Много написано о возможных прототипах героев романа из числа знакомых Пушкина. Это вполне естественно для произведения, в котором так много, по выражению Набокова, «автобиографизмов». Пушкин в ЕО (Глава восьмая, LI) сам ссылался на ту или тех, с кого срисована Татьяна (черновики показывают, что он колебался между числом единственным и множественным, но решил наконец остановиться на единственном: «А та, с которой образован / Татьяны милый идеал…»). В то же время Набоков безусловно прав, возражая — как многие до него — против «поисков прототипов, поскольку они неизменно затемняют истинные, всегда атипические приемы гения». Беда, однако, в том, что о Набокове не скажешь ни того, что он твердо держится своей позиции, ни того, что он ясно представляет себе эту проблему. Несмотря на резкое осуждение «ищеек, занимающихся поиском прототипов», он сам с жаром пускается в некое расследование и отводит несколько страниц рассказу об отношениях родственника Пушкина с девушкой, упомянутой, отчасти в завуалированной форме, даже не в самом тексте романа, а в черновиках, которые, по мнению Набокова (высказанному ранее), следовало бы обязательно уничтожить без всяческого сожаления, «чтобы у академических бездарей не возникло никаких заблуждений относительно возможности разгадать тайны гения, прочтя вымаранные строки»[177]. Он уверенно идентифицирует юную жену купца, о которой бегло упоминается в «Путешествии Онегина», хотя не смог сделать того же, комментируя прекрасную строфу (Глава шестая, XVI), явно посвященную ее памяти[178]. Он не против того, чтобы различать между «более» и «менее» значимыми «прототипами», и отводит немало места обсуждению — заведомо безрезультатному — того, кому из реальных женщин принадлежала пара прелестных ножек в том, что Набоков называет «отступлением о ножках». У него уходит целых двадцать страниц на предмет, по его словам, «не представляющий никакого интереса», и страниц через шестьдесят он вновь возвращается к нему. Рассуждая о ножках, он заодно отвергает возможность того, что они принадлежали Марии Раевской — позднее жене декабриста, последовавшей за мужем в сибирскую ссылку, — поскольку-де в тот единственный момент, когда Пушкин мог восхищаться ее ножками, Марии — «гадкому утенку» — было не пятнадцать, как она ошибочно говорит в своих мемуарах, а лишь тринадцать с половиной лет. Странно, между прочим, что бард Лолиты, певец нимфетки исключил чувственный интерес к девочке, особенно учитывая, что у Пушкина была такая склонность[179].
Более важно, чем все эти противоречия, — неспособность Набокова понять, что он употребляет термин «прототипы» в двух различных смыслах. В результате возникает путаница между «прототипами» и «типическими» героями, создаваемыми художником.
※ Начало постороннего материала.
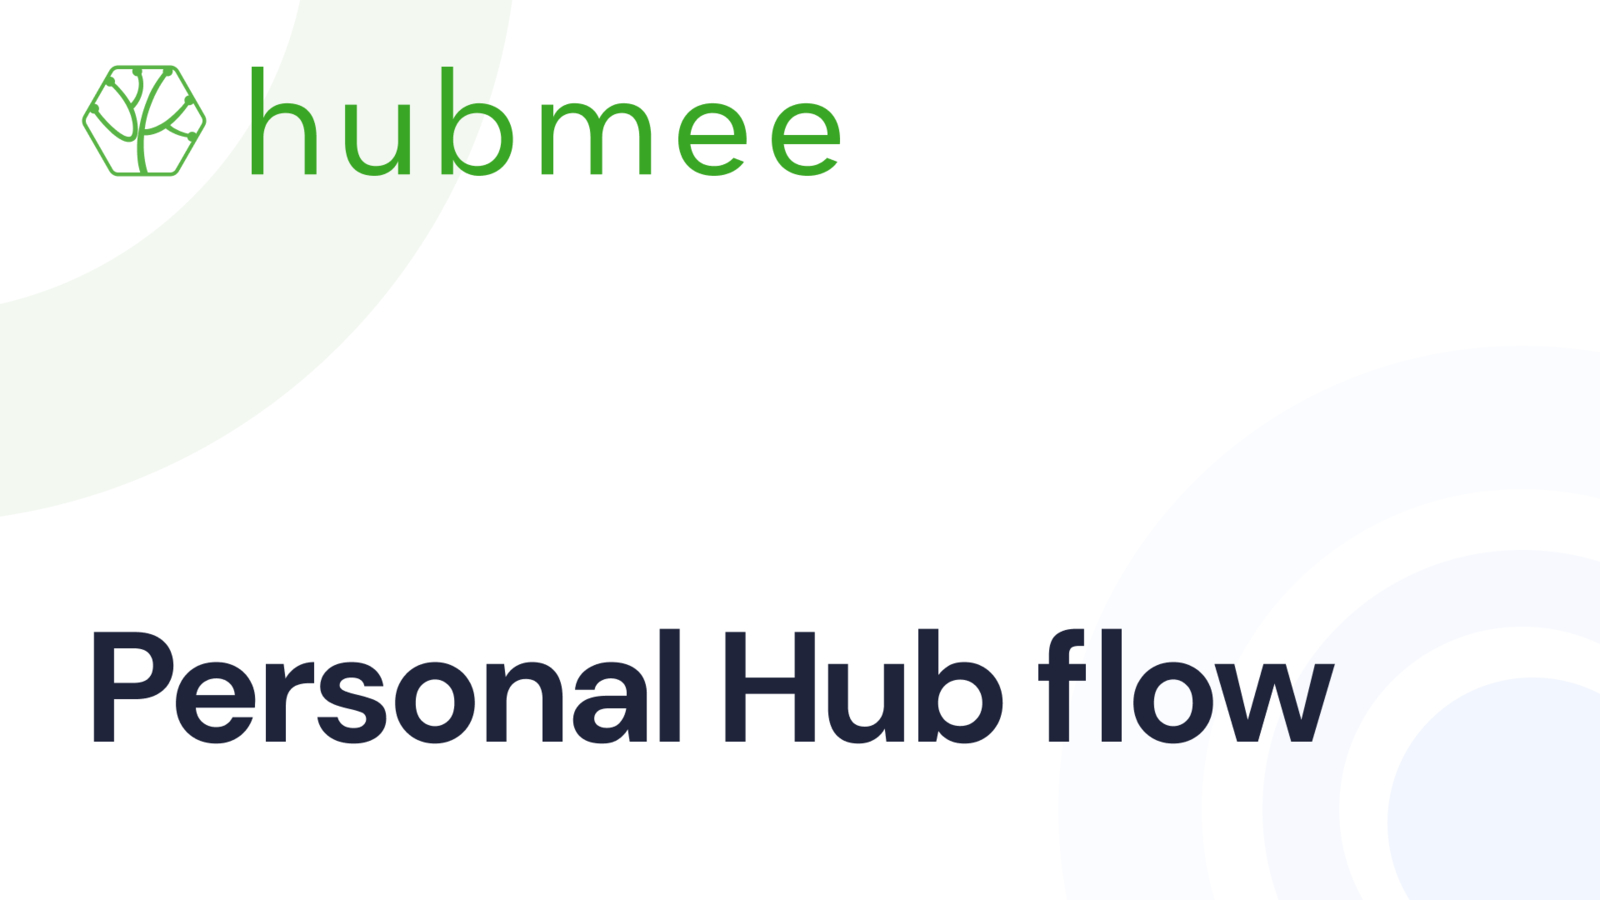 Personal Hub flow

Если бы Татьяна была списана с определенной женщины, она представляла бы собой индивидуальность, а не «тип». Таким образом, поиск подобных личностей, сколь бы ни был важен сам по себе, не имеет никакого отношения к вопросам совершенно иного рода, к тому, например, в какой степени герои романа могут считаться типическими представителями определенных групп российского общества 1820-х годов; или, скажем, в какой степени Онегин может рассматриваться как один из первых образов «лишних людей», которые появлялись в русской литературе вплоть до конца века, и не столь давно один из них возник вновь в «Докторе Живаго» Пастернака. Существует необъятная литература, посвященная этим проблемам. К ним обращались великие — и просто — русские писатели, в том числе Ключевский, возможно самый выдающийся среди русских историков. О русской литературе с куда большим основанием, чем о какой-либо другой литературе, можно сказать, что в силу определенных причин она является неотъемлемой и решающей частью интеллектуальной истории своей страны; и подход к ней с этих позиций является, конечно, односторонним, но вполне оправданным способом литературной критики. Подобную критику Набоков называет «самой нудной из известных цивилизованному человеку частью комментариев». Но на набоковских суровых осуждениях, одновременно огульных и недалеких, редко сказывается его поддельное стремление к последовательности. Их главная цель — отвергнуть устоявшееся мнение и увеличить список пренебрежительных оценок. В данном случае, так же как в других, раз дав выход гневу, Набоков спокойно продолжает рассматривать Онегина как представителя определенного узкого «круга» русского общества, а Татьяну связывать не только с литературным «типом» возвышенных русских девушек (скажем, в романах Тургенева), но и с историческими героинями русского популистского движения; иными словами, делать то же, что он с таким высокомерием отвергал несколькими страницами ранее.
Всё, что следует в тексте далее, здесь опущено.